Sparito il 14,4% dei negozi: "Ferrara, attività in calo del 3,5% ma il numero di addetti è stabile"

Più innovazione, imprese più strutturate e una capacità di adattamento che ha consentito al commercio di affrontare anni complessi senza perdere il proprio ruolo nell’economia. È questa la fotografia che emerge dal Rapporto 2026 sul commercio dell’Ufficio Studi Confcommercio, che descrive un settore in profonda evoluzione, chiamato a rispondere ai cambiamenti delle abitudini di consumo, della demografia e del contesto economico. Una trasformazione che offre nuove opportunità, ma che richiede anche politiche di sostegno per evitare il progressivo impoverimento del commercio di prossimità.
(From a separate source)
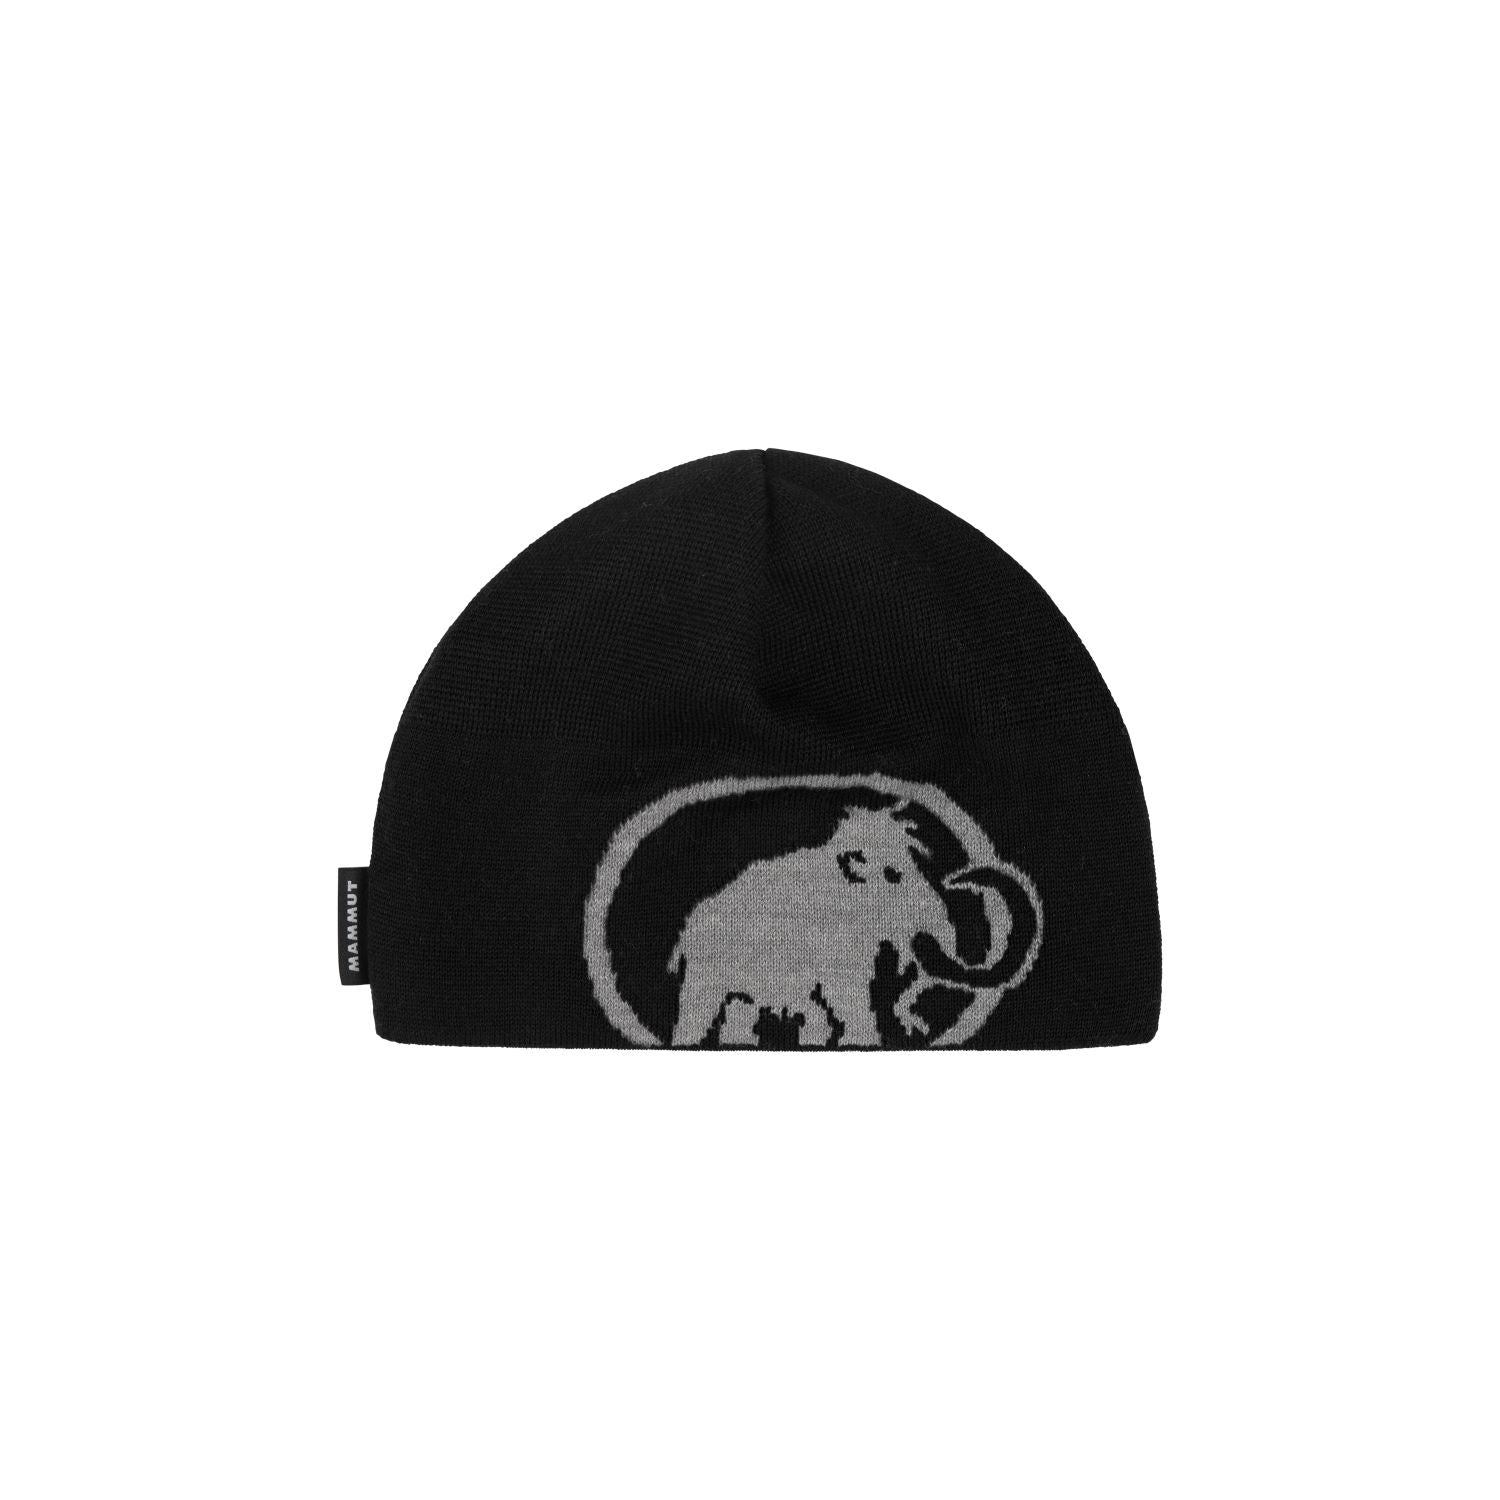 Cepure Mammut Tweak Beanie Black-Steel

Negli ultimi sette anni il commercio al dettaglio ha registrato una riduzione del 14,4% dei punti vendita, mentre gli addetti sono diminuiti solo dell’1,8%, segno di imprese mediamente più grandi, efficienti e produttive. Crescono e-commerce, società di capitale e produttività del lavoro, ma continua il ridimensionamento dei negozi di vicinato e del commercio ambulante, con ripercussioni sulla vitalità dei centri storici.

Anche Ferrara segue questa tendenza. Nel 2025 gli esercizi ambulanti attivi in provincia sono scesi a 407, con un calo del 38% rispetto al 2020. Secondo l’Osservatorio dell’Economia della Camera di Commercio Ferrara-Ravenna, al 30 giugno 2026 le localizzazioni attive del commercio sono 7.450 (-3,5%), mentre gli addetti restano sostanzialmente stabili a quota 17.600 (-0,2%). Migliora inoltre il saldo tra iscrizioni e cessazioni d’impresa e le vendite del 2025 chiudono con un lieve incremento (+0,03%), sostenute dalla grande distribuzione e dal comparto alimentare.

Tra i fattori che possono sostenere lo sviluppo del territorio figura anche il recente via libera alla progettazione dell’ampliamento dell’autostrada A13 nel tratto Bologna-Ferrara. L’investimento da 280 milioni di euro, con la realizzazione della terza corsia tra Bologna e Interporto e di una corsia dinamica fino a Ferrara, è considerato un’opportunità per migliorare i collegamenti, favorire gli scambi commerciali e aumentare l’attrattività della provincia per imprese e consumatori.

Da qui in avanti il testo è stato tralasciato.